─── Information shown ───

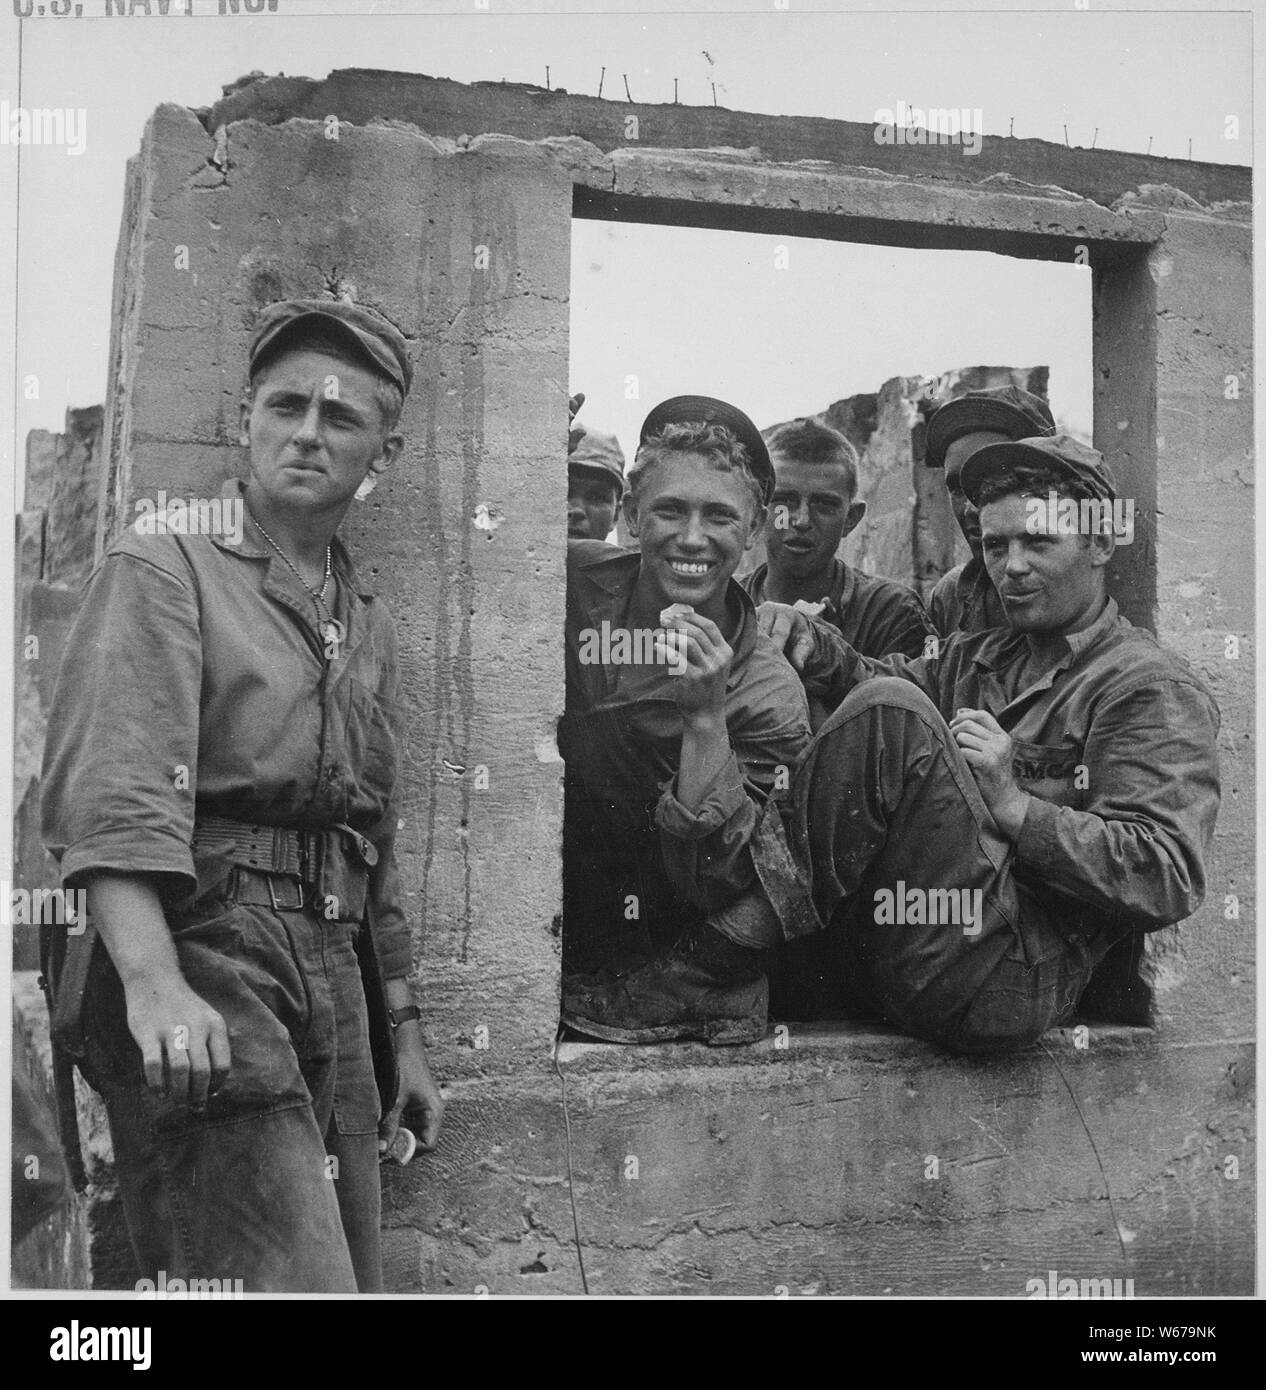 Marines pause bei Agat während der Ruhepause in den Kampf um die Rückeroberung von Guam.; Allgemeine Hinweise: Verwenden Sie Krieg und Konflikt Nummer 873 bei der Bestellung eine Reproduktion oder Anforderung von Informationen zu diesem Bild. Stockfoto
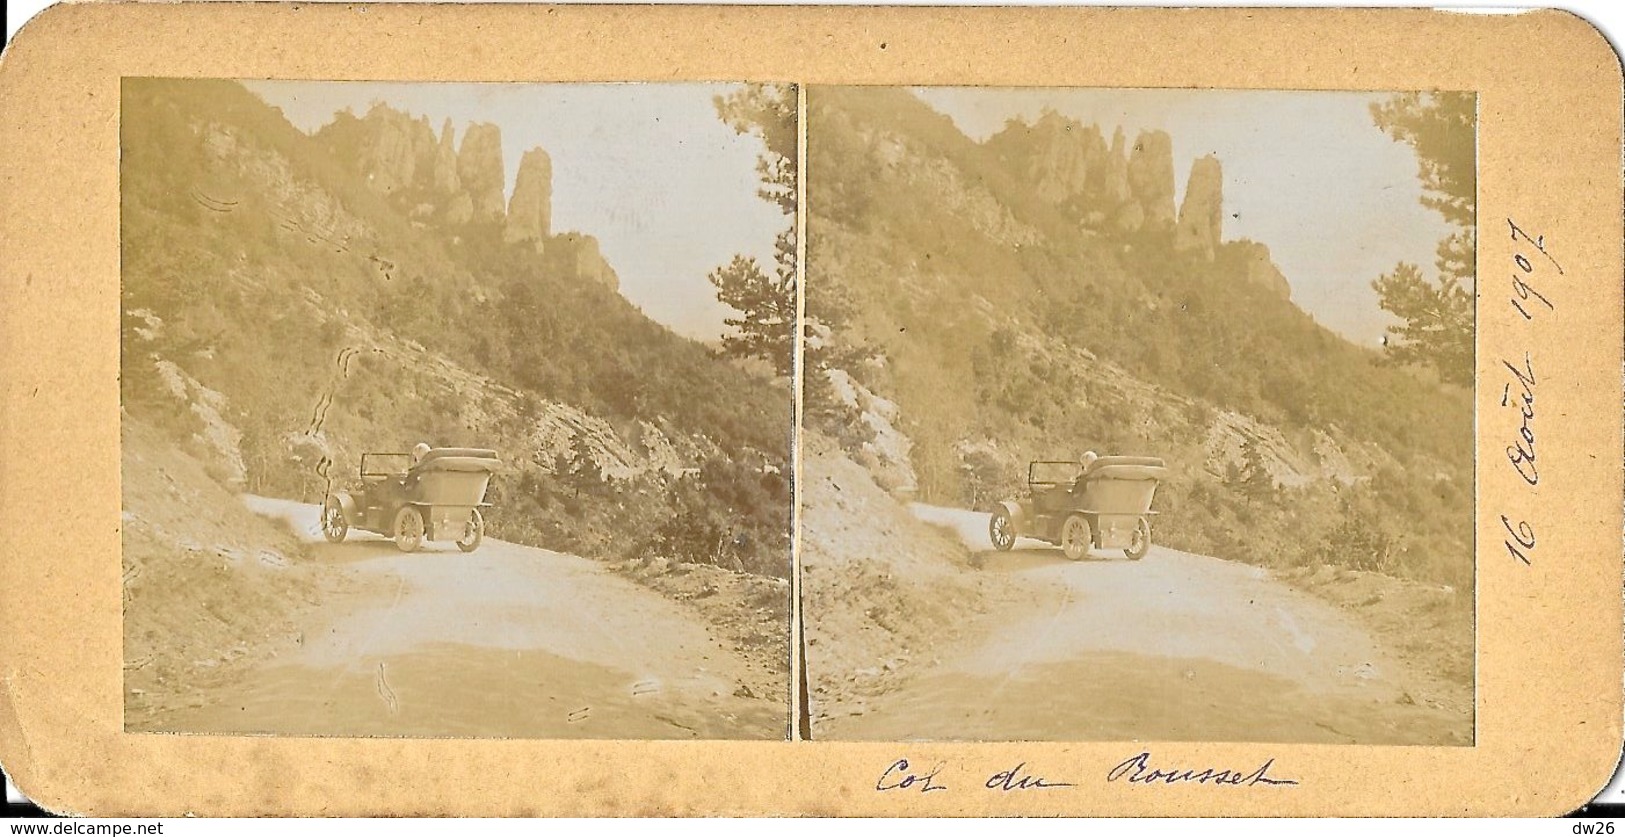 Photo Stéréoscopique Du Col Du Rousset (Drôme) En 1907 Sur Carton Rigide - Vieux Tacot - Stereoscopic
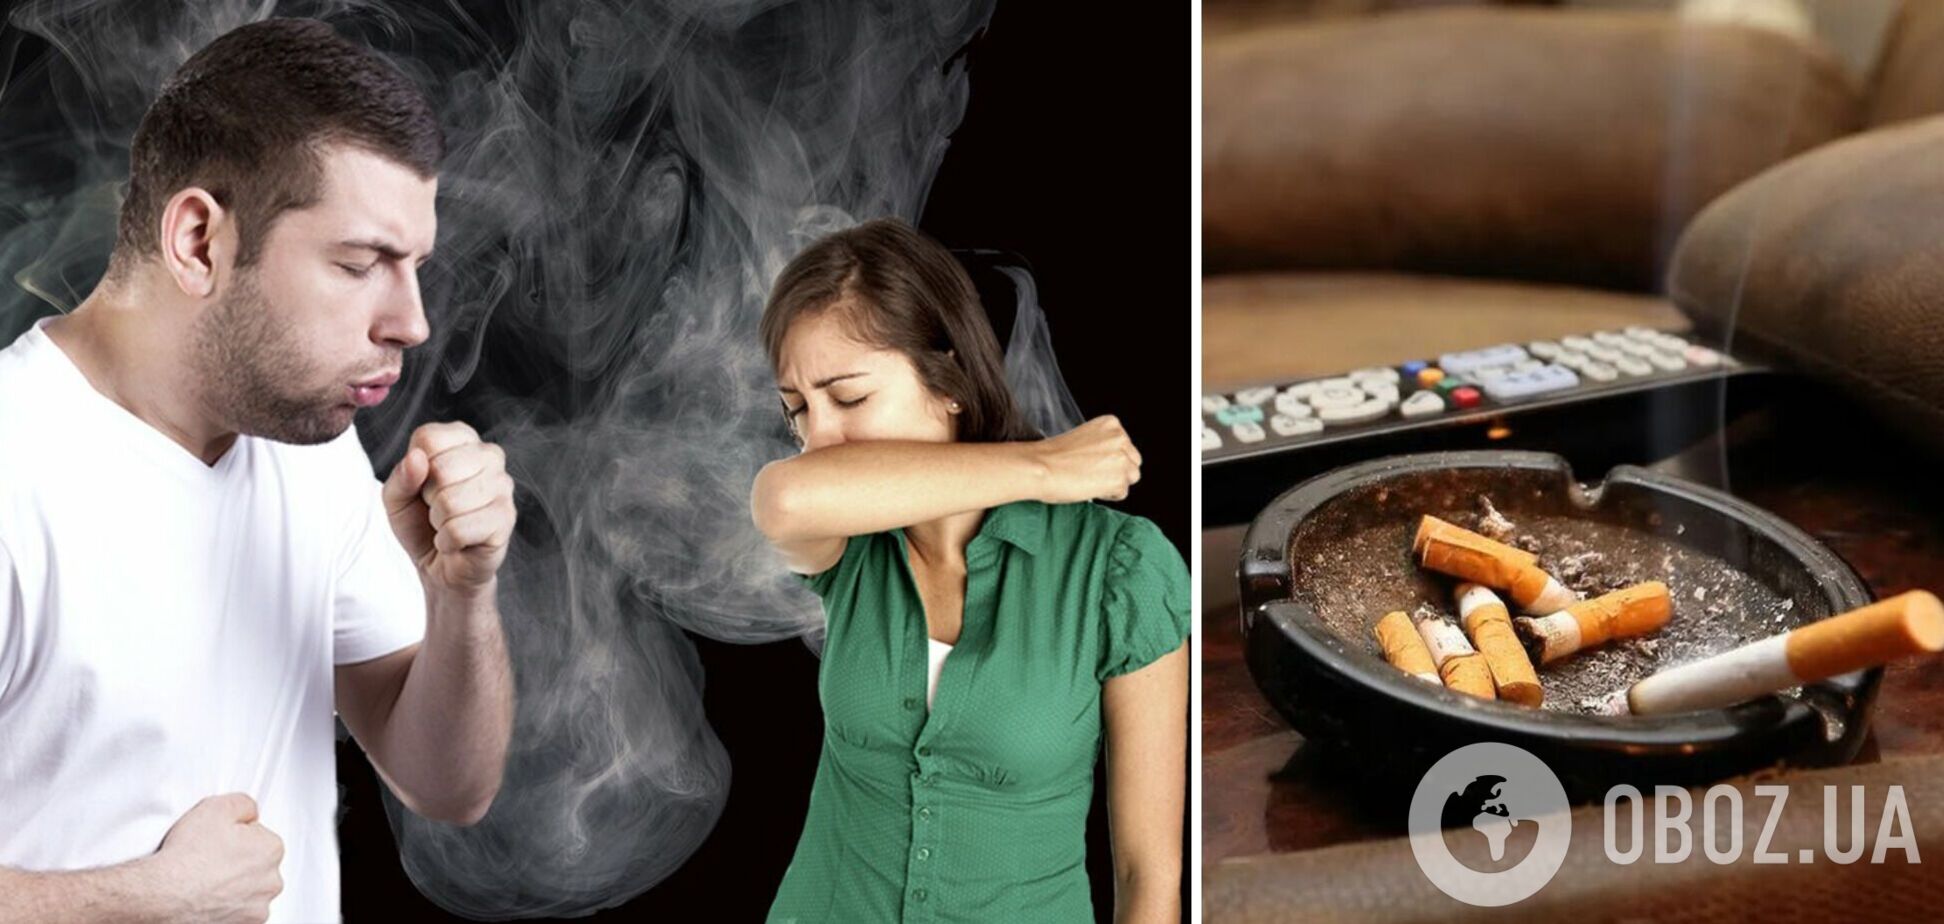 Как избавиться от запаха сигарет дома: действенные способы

───

About this task
All of the material above goes into the copy exactly as is; the pictures do not.

Task response
 Marines pause bei Agat während der Ruhepause in den Kampf um die Rückeroberung von Guam.; Allgemeine Hinweise: Verwenden Sie Krieg und Konflikt Nummer 873 bei der Bestellung eine Reproduktion oder Anforderung von Informationen zu diesem Bild. Stockfoto
 Photo Stéréoscopique Du Col Du Rousset (Drôme) En 1907 Sur Carton Rigide - Vieux Tacot - Stereoscopic
 Как избавиться от запаха сигарет дома: действенные способы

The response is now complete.